Why this wins: By running a Speech-to-Speech (S2S) model at the edge or as a low-latency stream, the "map" becomes a proactive guide. It eliminates the need for touchscreens (more hygienic and accessible) and provides a "human-first" interface in a machine-driven environment.

I’m not just talking about what could be done. I’ve actually built a prototype to show you how this looks in the real world. Below is a working example of this exact use case in action, leveraging Strands and a bidirectional audio loop.

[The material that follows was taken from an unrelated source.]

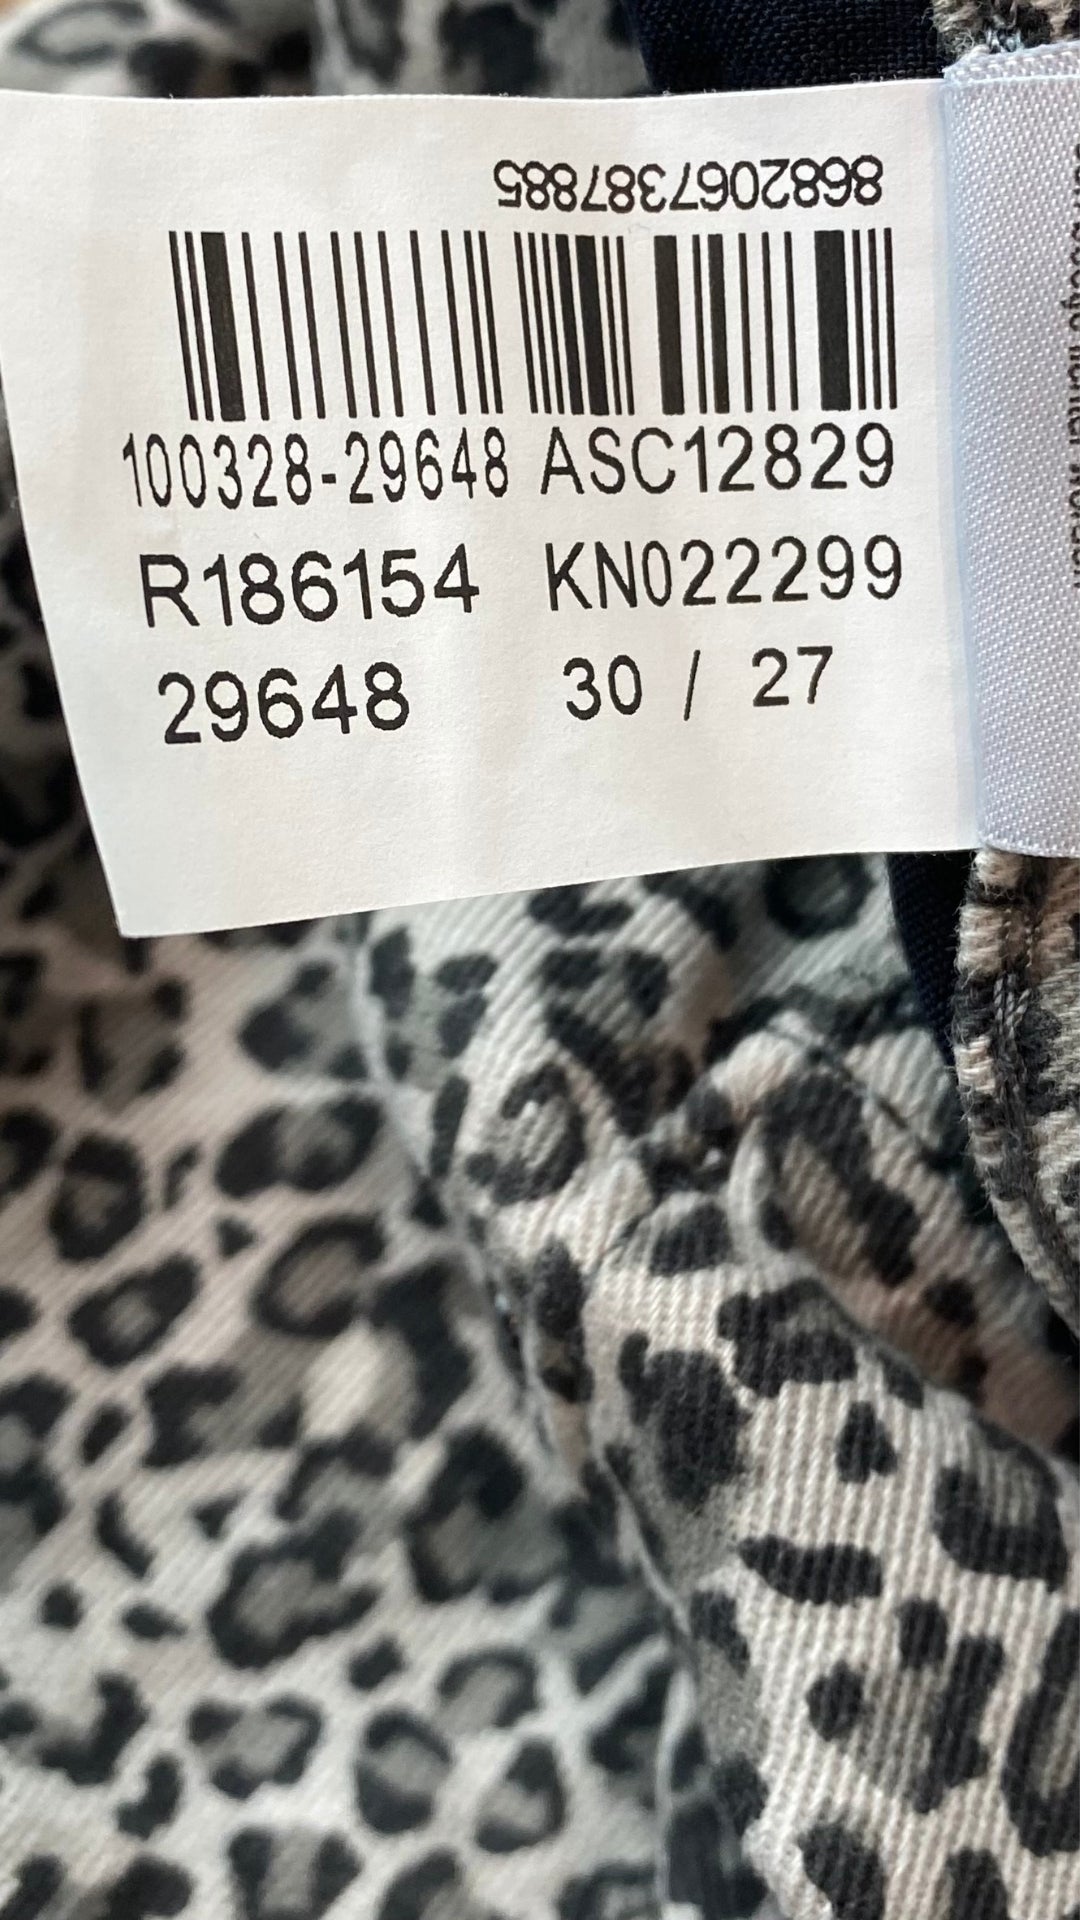 Pantalon denim coupe jeans étroit à motif léopard Mavi taille 30. Vue de l'étiquette de taille.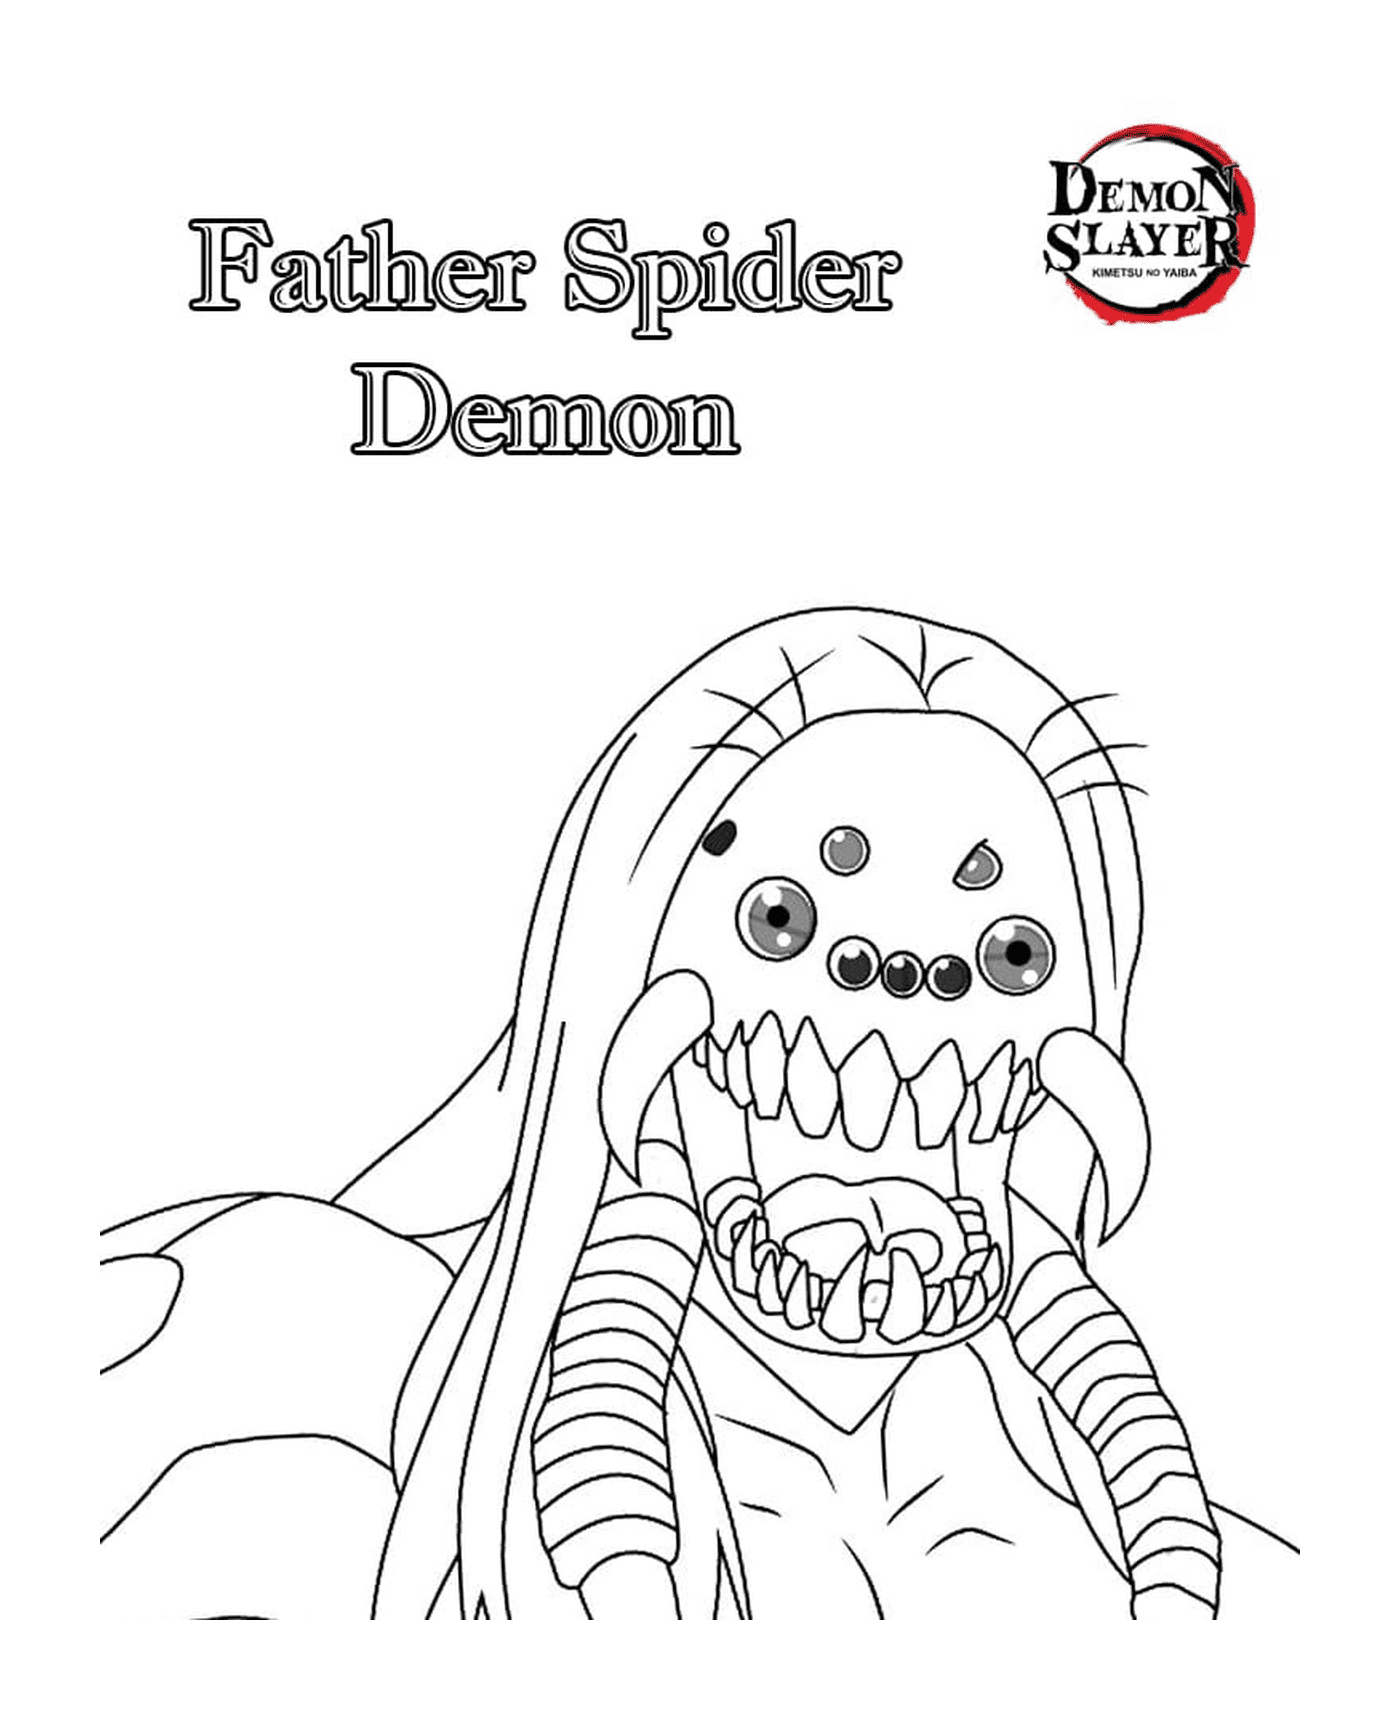  Vater Daemon Spider

Working Example Shop Location Assistant

import asyncio
from strands.experimental.bidi import BidiAgent, BidiAudioIO
from strands.experimental.bidi.io import BidiTextIO
from strands.experimental.bidi.models import BidiNovaSonicModel
from strands import tool
from strands_tools import calculator, current_time

# Create a bidirectional streaming model
model = BidiNovaSonicModel()

# Define a custom tool
@tool
def get_shop_location(shop: str) -> str:
"""
Get the shop for a location from the this place.

Args:
shop: Name of the shop to locate

Returns:
A string with the instructions to find the shop.
"""
print("get_shop_location called with shop:", shop)
# In a real application, call the location API that retunrn this instructions
locations = {
"starbucks": "Take the elevator at your right, go to the second floor and turn left in that hall you will find it at the right.",
"apple store": "Go straight ahead from the main entrance, take the escalator to the first floor, and it's on your left.",
"food court": "Head to the center of the mall, take the stairs to the third floor, and you'll see it right in front of you.",
"bookstore": "From the main entrance, turn right and walk past the clothing stores; it's next to the toy store."
}
if shop.lower() in locations.keys():
print("Found location for shop:", shop)
return locations[shop.lower()]
else:
return f"Sorry, We don't have that shop in the mall."


# Create the agent
agent = BidiAgent(
model=model,
tools=[calculator, current_time, get_shop_location],
system_prompt="You are a mall assistant that helps the people find any shop in a mall. Keep responses concise and natural."
)

# Setup audio I/O for microphone and speakers
audio_io = BidiAudioIO()
text_io = BidiTextIO()
# Run the conversation
async def main():
await agent.run(
inputs=[audio_io.input()],
outputs=[audio_io.output(), text_io.output()],
)

asyncio.run(main())

You’ll notice that I’ve hardcoded the shop locations within the tool. In this specific use case, that’s actually a strategic choice. Since the physical map is in a fixed location and store directories don’t change daily, hardcoding provides 100% accuracy and near-zero latency. > While you could connect this to an external API or use a RAG (Retrieval-Augmented Generation) approach with a digital map, those methods often increase costs and introduce the risk of the model "hallucinating" directions. For a high-traffic mall environment, a simple, local "source of truth" is often the most robust solution.

Demo Video:

The Challenge: Tackling Environmental Noise

No experimental feature is without its "growing pains." During my testing, I hit a significant hurdle: white noise sensitivity.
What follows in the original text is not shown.